DEPOT DE MARQUE FRAUDULEUX
La fraude qui peut affecter le dépôt d’une marque a été, faute de définition légale, définie par la jurisprudence et la doctrine (1). La victime d’un dépôt frauduleux dispose de divers recours pour revendiquer ses droits (2).
1. Absence de définition légale de la fraude en droit des marques
La fraude des marques n’est définie ni en droit français ni en droit communautaire.
Le droit français n’envisage cette notion que dans le cadre de l’action en revendication définie à l’article L.712-6 du Code de la propriété intellectuelle, se contentant de la distinguer de la violation d’une obligation légale ou conventionnelle.
Le Règlement CE n° 207/2009 du 26 février 2009 sur la marque communautaire et la Directive 2008/95/CE du 22 octobre 2008, rapprochant les législations des Etats membres sur les marques, n’apportent pas plus d’éléments de définition de cette notion et se contentent de faire référence à la « mauvaise foi » du déposant.
La jurisprudence et la doctrine française se sont donc attachées à définir cette notion.

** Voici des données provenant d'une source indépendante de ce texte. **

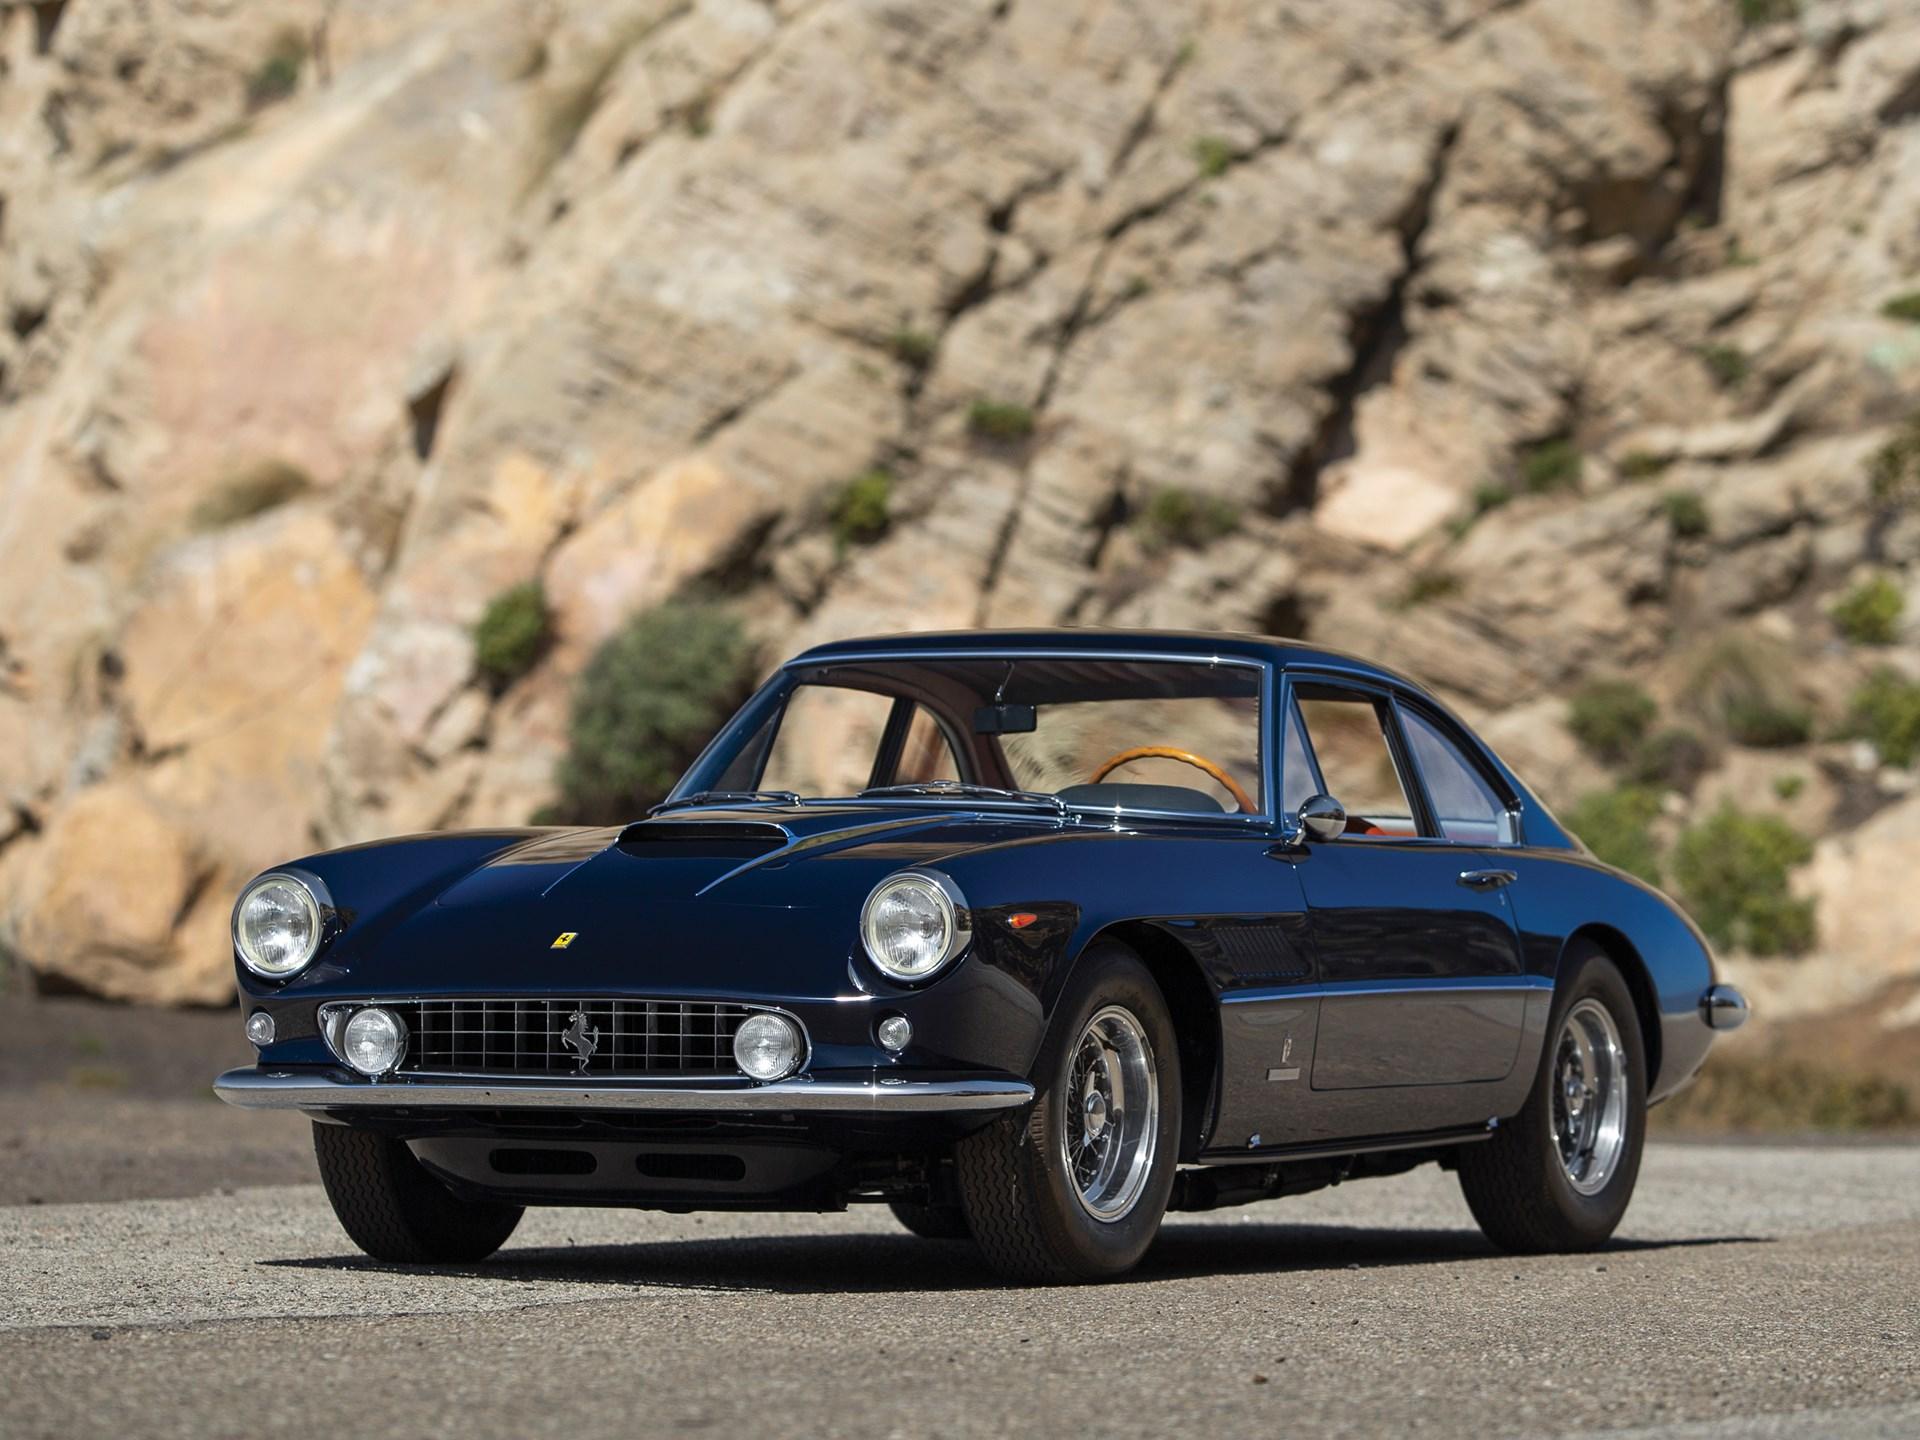 Image result for 1961 ferrari 400 RM MO19

La Cour d’appel de Paris a pu définir le fraude comme le fait de « déposer - une marque - dans la seule intention de nuire et/ou de s’approprier indûment le bénéfice d’une opération légitimement entreprise ou d’y faire obstacle en lui opposant la propriété de la marque frauduleusement obtenue » (CA Paris, 23 février 2000).
La Cour de cassation a indiqué qu’ « un dépôt de marque est entaché de fraude lorsqu’il est effectué dans l’intention de priver autrui d’un signe nécessaire à son activité » (Cass.com., 25 avril 2006, pourvoi n° 04-15641).
Finalement, la fraude qui peut affecter un dépôt de marque se caractérise par deux éléments :
- la connaissance par le déposant des droits ou de l’usage antérieur auquel il porte atteinte ;
- l’intention de nuire du déposant.
La preuve de la fraude devra être rapportée par celui qui l’invoque. Il devra en particulier démontrer la connaissance qu’avait le fraudeur des droits antérieurs au mépris desquels il a effectué le dépôt de marque. L'intention de nuire se déduit de cette connaissance.
2. Les recours possibles de la victime du dépôt frauduleux
2.1. En droit français, la victime de la fraude dispose de deux recours possibles : l’action en revendication, fondée sur l’article L.712-6 du Code de la propriété intellectuelle, et l’action en nullité de la marque, fondée sur la théorie générale de la fraude.
L’action en revendication permettra à la victime de se voir reconnaître la propriété de la marque en bénéficiant de la date du dépôt opéré par le déposant fraudeur. L’article L.712-6 du Code de propriété intellectuelle dispose en effet « Si un enregistrement a été demandé soit en fraude des droits d’un tiers, […], la personne qui estime avoir un droit sur la marque peut revendiquer sa propriété en justice. »
Si la victime de la fraude ne souhaite pas devenir propriétaire de la marque déposée frauduleusement - ce qui peut être le cas lorsque le dépôt est effectué sous une forme qui ne lui convient pas - elle a la possibilité d’agir en nullité de la marque.
2.2. Pour les marques communautaires, la victime de la fraude ne pourra pas revendiquer la propriété de la marque.
Elle peut uniquement agir en nullité de la marque contre le déposant de « mauvaise foi ». Le dépôt frauduleux pourra également constituer un motif d’opposition à une demande d’enregistrement lorsque celle-ci a été effectué par l’agent ou le titulaire de la marque sans l’accord de son mandant.